Un réplicateur pour tous

Depuis quelques années, des imprimantes jet d’encre savent projeter des couches successives de polymères et ainsi construire des objets. Une autre technologie utilise un laser qui fait fondre une poudre métallique et soude entre elles les particules. Jusqu’à ces dernières années, ces imprimantes étaient inabordables. En 2005, Adrian Bowyer supposa que de telles machines seraient bientôt dans toutes les maisons et ne couteraient pas plus de 500 $.

Il se lança dans la construction de RepRap, une imprimante 3D qui serait capable de s’imprimer elle-même. Aujourd’hui MakerBot propose une descendante de cette machine capable de se copier à 50 % (et ce pourcentage ne cesse de progresser en même temps que le design se simplifie). Assemblée d’après un schéma en open source, elle est commercialisée en kit pour moins de 1 000 $. Les bobines de plastique qui l’alimentent coûtent 15 $. Je me demande combien de temps je vais encore attendre avant d’en commander une. C’est ce que j’aurais déjà fait si j’étais plasticien ou bricoleur ou inventeur (petit message pour Roland Moreno : c’est une machine pour toi).

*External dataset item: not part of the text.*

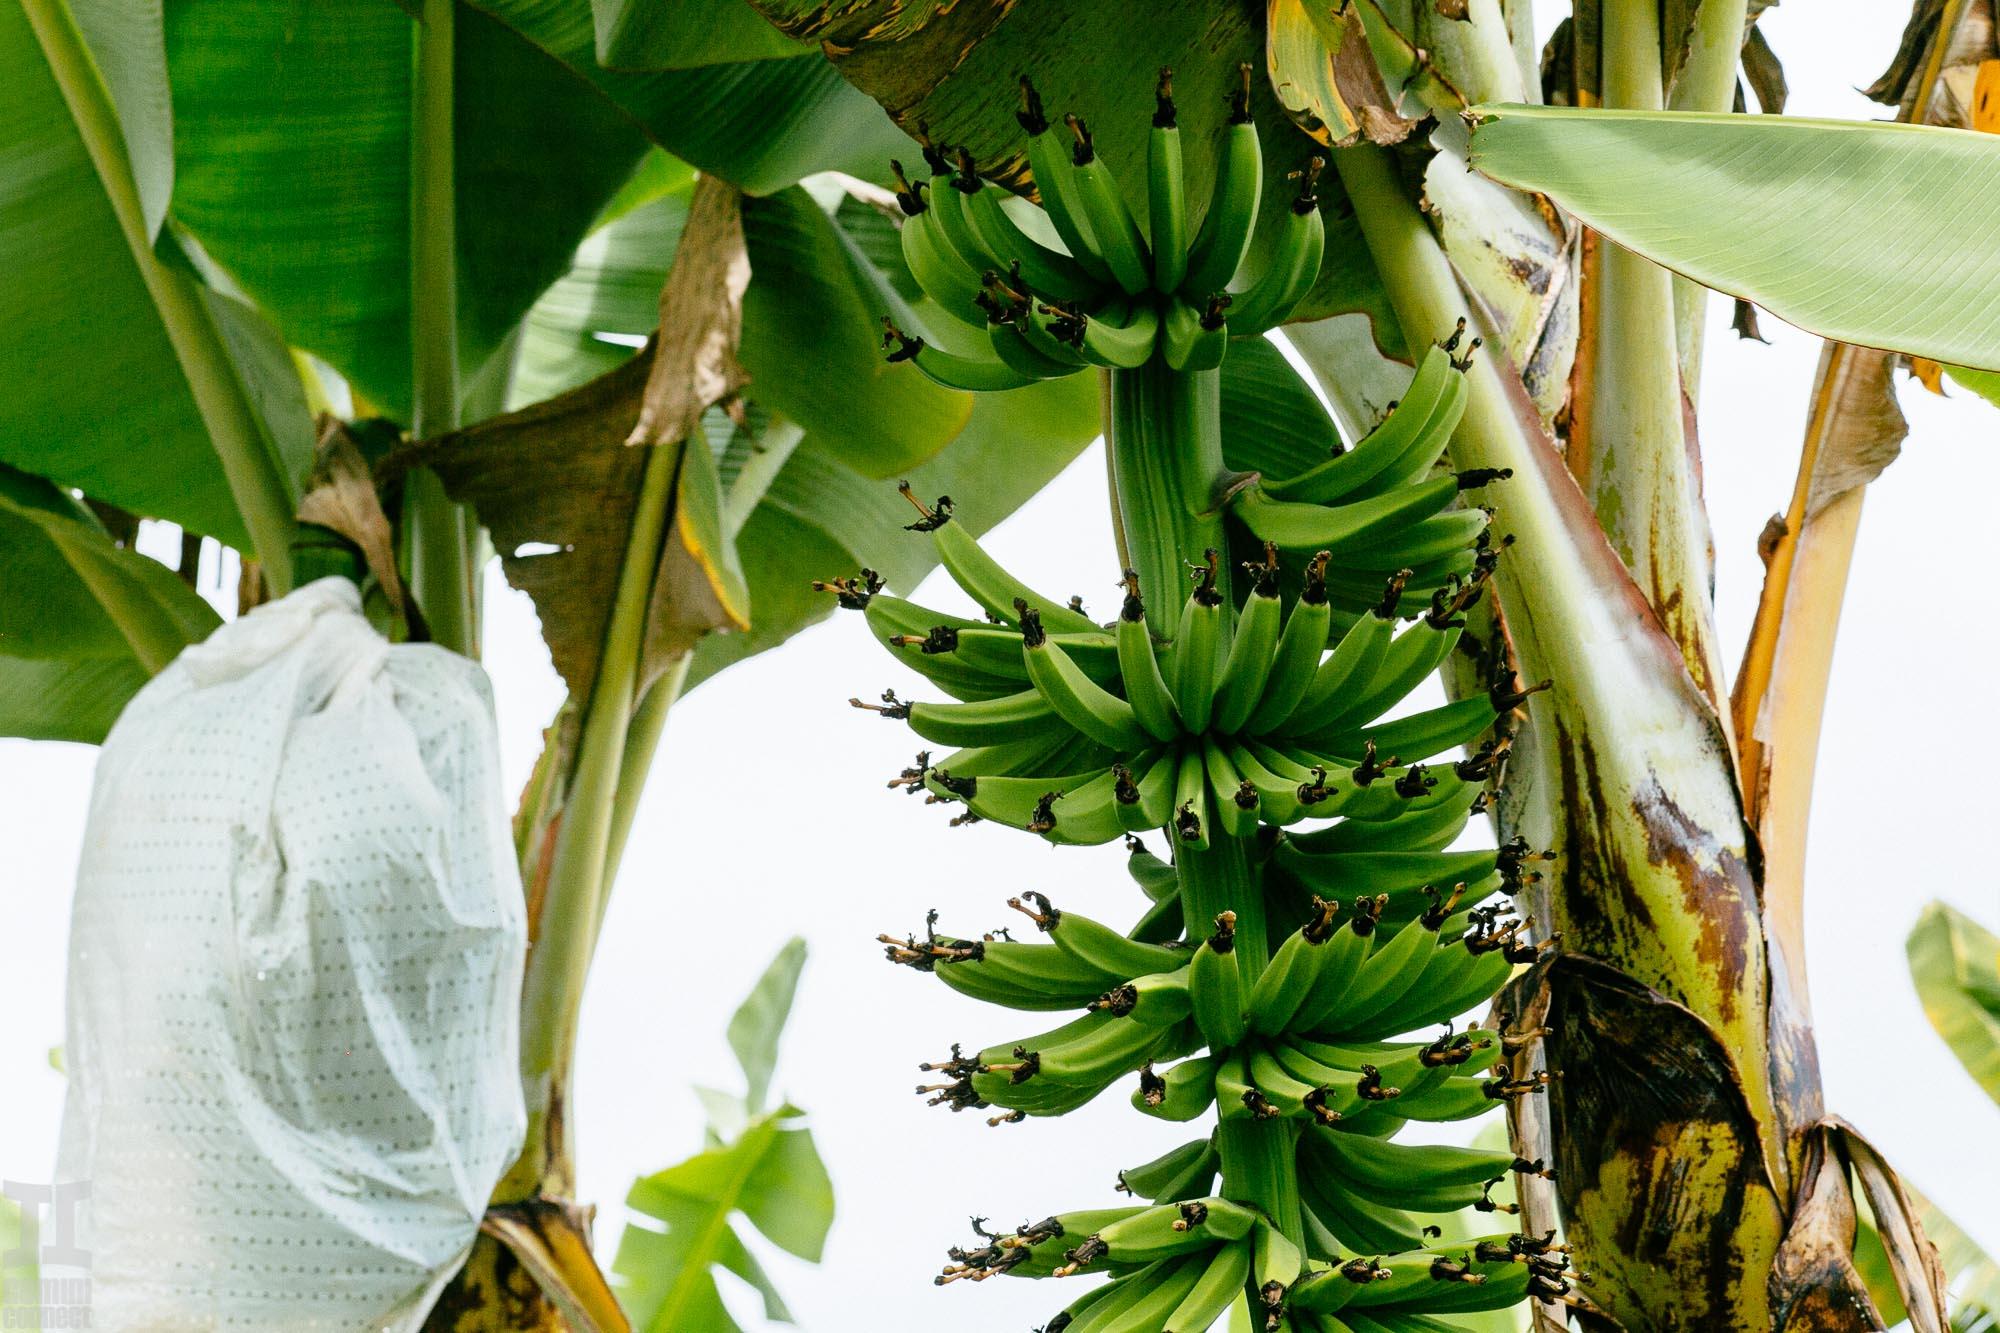 Hamakua-Bananas-8.jpg

Dans le forum de RepRap, je perçois la même excitation que celle qui animait les premiers garagistes numériques de la Silicon Valley. La révolution technologique qu’ils nous préparent ne peut que se doubler d’une révolution sociale. Imaginez. Vous possédez chez vous une imprimante capable de se fabriquer elle-même. Non seulement elle échappe à tout industriel, mais vous pouvez l’offrir à vos amis, au seul prix de la matière première.

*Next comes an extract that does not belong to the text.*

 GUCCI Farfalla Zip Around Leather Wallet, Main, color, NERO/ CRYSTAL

L’autonomisation et non l’autarcie

J’ai de nombreux amis qui cultivent des légumes (j’ai fini cette année par planter des tomates), j’ai un autre ami qui fabrique son charbon de bois pour alimenter sa forge. Il veut pouvoir fabriquer ses couteaux et ses outils au besoin. L’ambition de ces hurluberlus n’est pas de vivre en autarcie, mais de pouvoir survivre en cas d’implosion du système capitaliste.

Ils ne se coupent pas du monde et ne commettent pas l’erreur des anarchistes, ils continuent à entretenir de riches liens sociaux, mais ils ne veulent plus dépendre d’industriels qui participent à la destruction de la planète et à notre asservissement en nous poussant à acheter toujours plus de leurs produits. Il est alors nécessaire de réapprendre des gestes élémentaires : ceux de cultiver, de forger… sans oublier ceux du programmeur et du designer d’objets 3D.

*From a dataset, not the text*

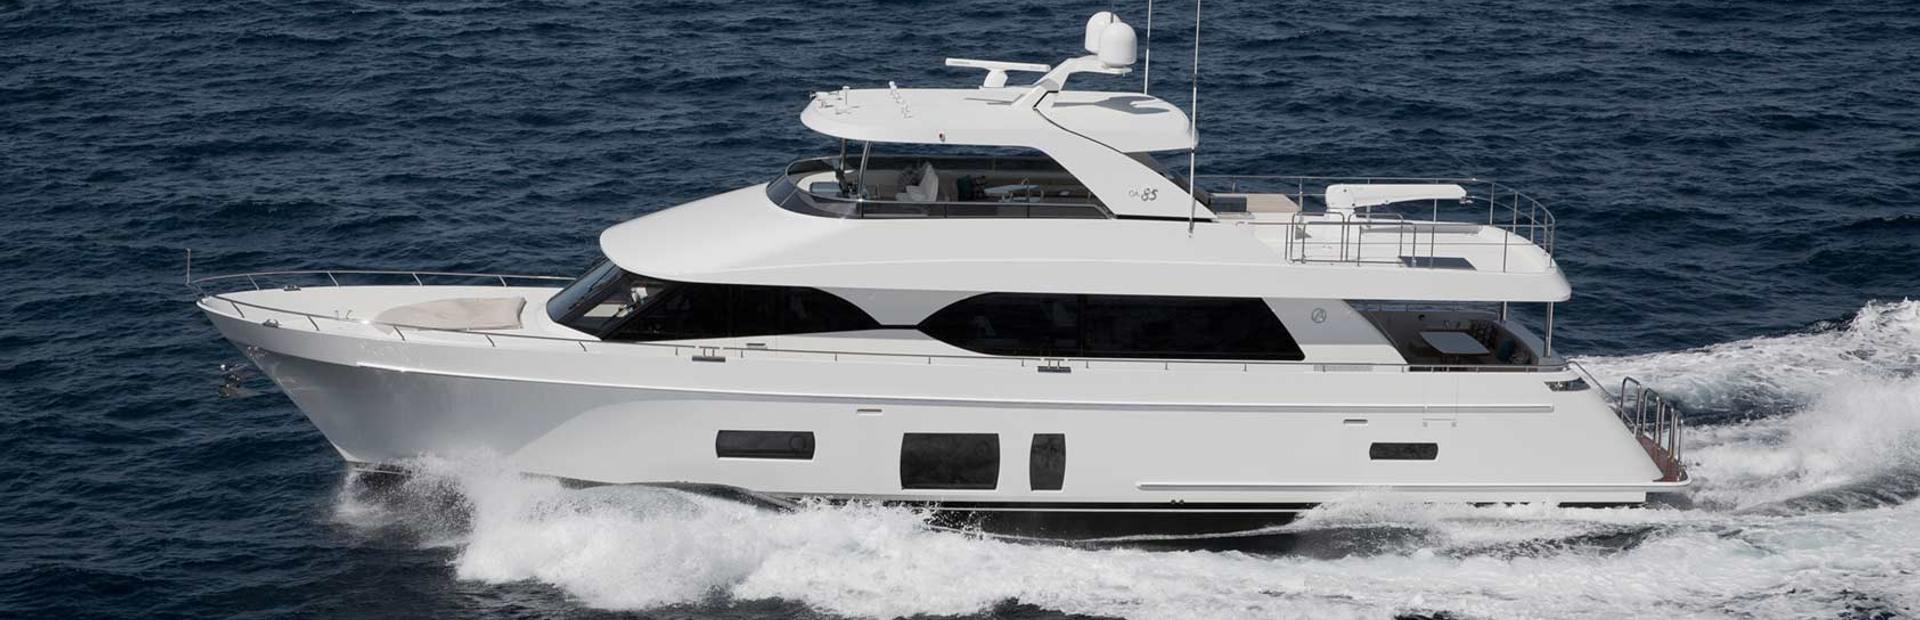 85 Motoryacht Yacht Charter

Nous disposons dorénavant individuellement de la possibilité de créer chez nous des objets d’une précision industrielle. L’implosion du système de production capitaliste n’impliquera pas alors la fin du progrès technologique, simplement il se produira de manière distribuée entre chacun de nous.

Des artisans fabriquent déjà des objets 3D en open source que tous les processeurs d’imprimantes peuvent reproduire. Pas plus que les blogs n’ont fait de nous tous des journalistes, pas plus ces machines ne feront de nous tous des Stradivarius (formulation piquée à Narvic). Mais ceux qui ont du talent pourront l’exploiter, ceux qui n’en ont pas pourront profiter de leur création… et développer leur talent dans d’autres domaines.

Avec toutes les techniques de décentralisation, de réappropriation des outils de production, les imprimantes 3D accompagnent le processus d’individuation, le processus d’affirmation de soi… Elles vont nous aider à couper les liens non réciproques qui nous liaient aux industriels, au profit des liens réciproques que nous allons pouvoir entretenir avec les créateurs de formes. C’est à cette seule condition que nous pouvons assister à une profonde transformation sociale.